1.2 By default, Hive stores data in /user/hive/warehouse, which is determined by the hive.metastore.waerhouse.dir parameter in the hive-conf.xml configuration file. - Installation of Hive
(1) Extract, rename, and set environment variables.
(2) In the $HIVE_HOME/conf directory, execute the command mv hive-default.xml.template hive-site.xml.
In the $HIVE_HOME/conf directory, execute the command mv hive-env.sh.template hive-env.sh.

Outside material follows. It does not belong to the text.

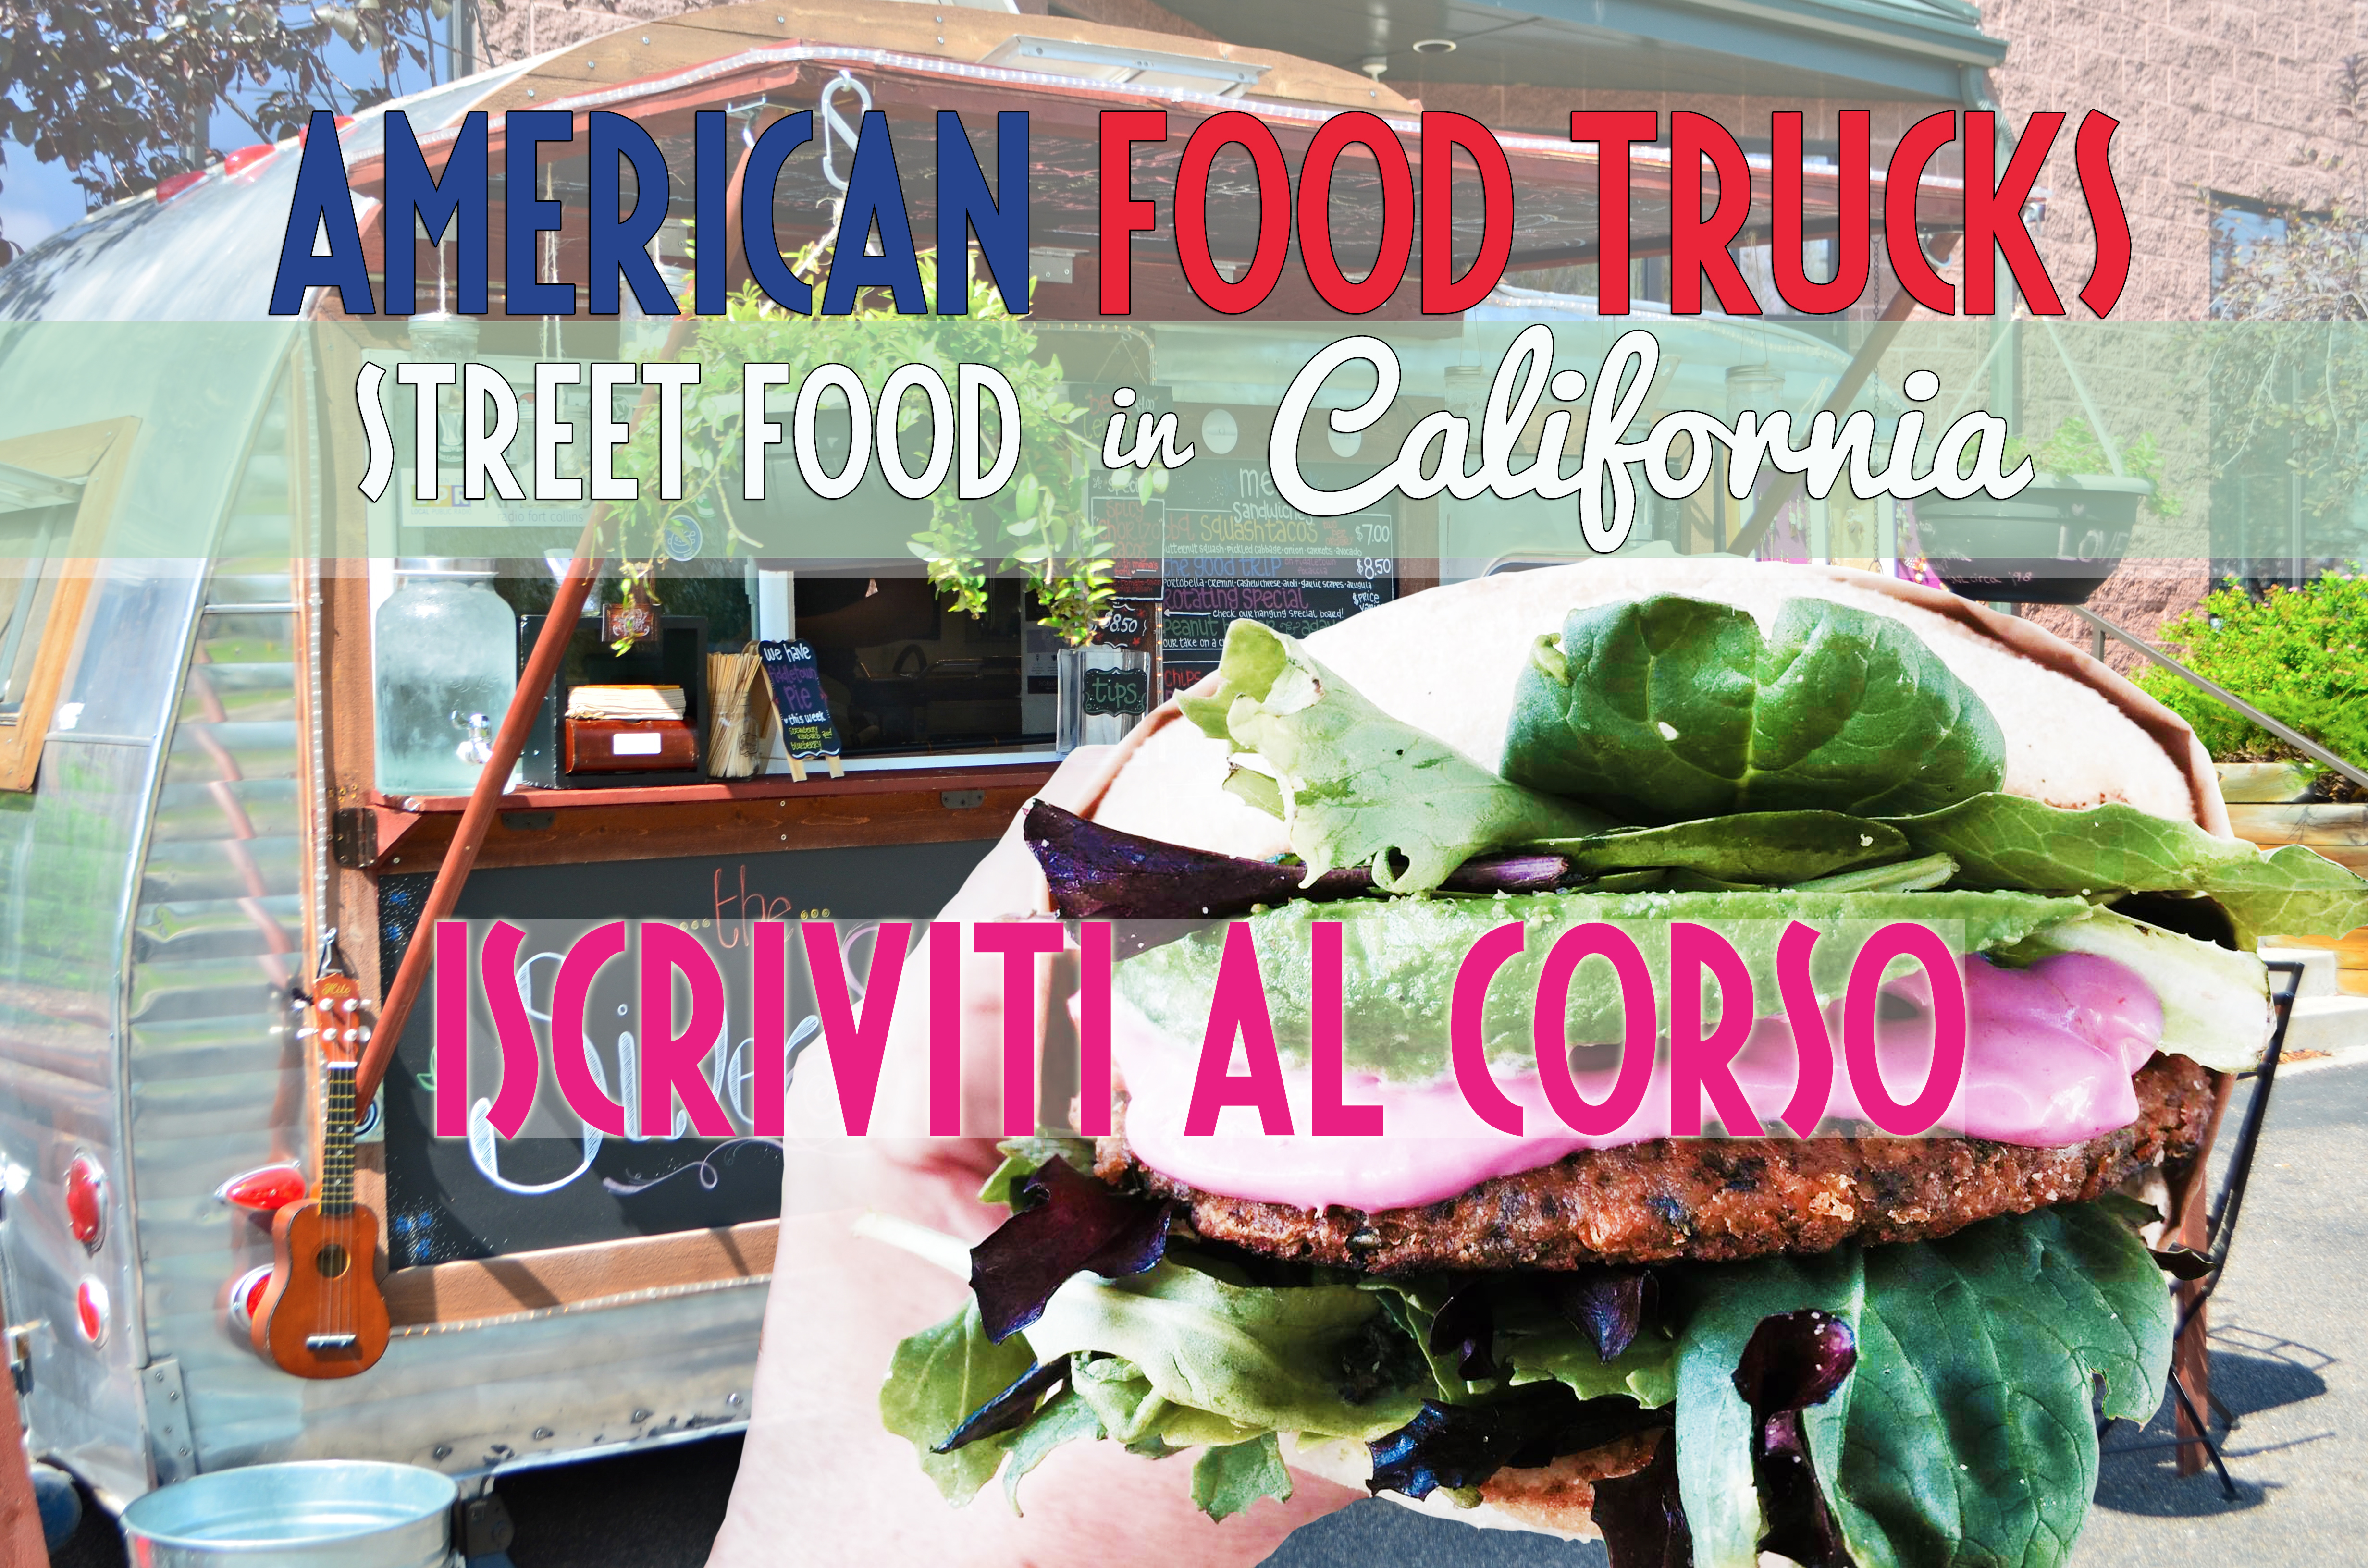 Banner Corso American Street Food - Tweedot blog magazine

(3) Modify the hadoop-env.sh configuration file with the following content:
export HADOOP_CLASSPATH=.:$CLASSPATH:$HADOOP_CLASSPATH:$HADOOP_HOME/bin
(4) In the $HIVE_HOME/bin directory, modify the hive-config.sh file and add the following lines:
export JAVA_HOME=/usr/local/jdk
export HIVE_HOME=/usr/local/hive
export HADOOP_HOME=/usr/local/hadoop
- Installing MySQL
(1) Remove existing MySQL packages using the command rpm -e xxxxxxx --nodeps.
Run the command rpm -qa | grep mysql to check if its fully removed.
(2) Install the MySQL server by running rpm -i mysql-server-5.5.31-2.e16.i686.rpm.
(3) Start the MySQL server with the command mysqld_safe &.
(4) Install the MySQL client by running rpm -i mysql-client-5.5.31-2.e16.i686.rpm.
(5) Set the root password using the command mysql_secure_installation.
4. Using MySQL as the Hive Metastore
(1) Place the MySQL JDBC driver (found in Downloads) into the Hive lib directory.
Execute the command: cp mysql-connection-java-5.1.10.jar /usr/local/hive/lib/.
(2) Edit the hive/conf/hive-site.xml file and update the following properties:
<property>
<name>javax.jdo.option.ConnectionURL</name>
<value>jdbc:mysql://hadoop0:3306/hive?createDatabaseIfNotExist=true</value>
</property>
<property>
<name>javax.jdo.option.ConnectionDriverName</name>
<value>com.mysql.jdbc.Driver</value>
</property>
<property>
<name>javax.jdo.option.ConnectionUserName</name>
<value>root</value>
</property>
<property>
<name>javax.jdo.option.ConnectionPassword</name>
<value>admin</value>
</property>
- Internal Tables
CREATE TABLE t1(id int);
LOAD DATA LOCAL INPATH '/root/id' INTO TABLE t1; // Upload from HDFS
CREATE TABLE t2(id int, name string) ROW FORMAT DELIMITED FIELDS TERMINATED BY '\t';
- Partitioned Tables
CREATE TABLE t3(id int) PARTITIONED BY (day int);
LOAD DATA LOCAL INPATH '/root/id' INTO TABLE t1 PARTITION (day=22);
- Bucketed Tables
create table t4(id int) clustered by(id) into 4 buckets;
set hive.enforce.bucketing = true;
insert into table t4 select id from t3;
- External Tables
create external table t5(id int) location '/external';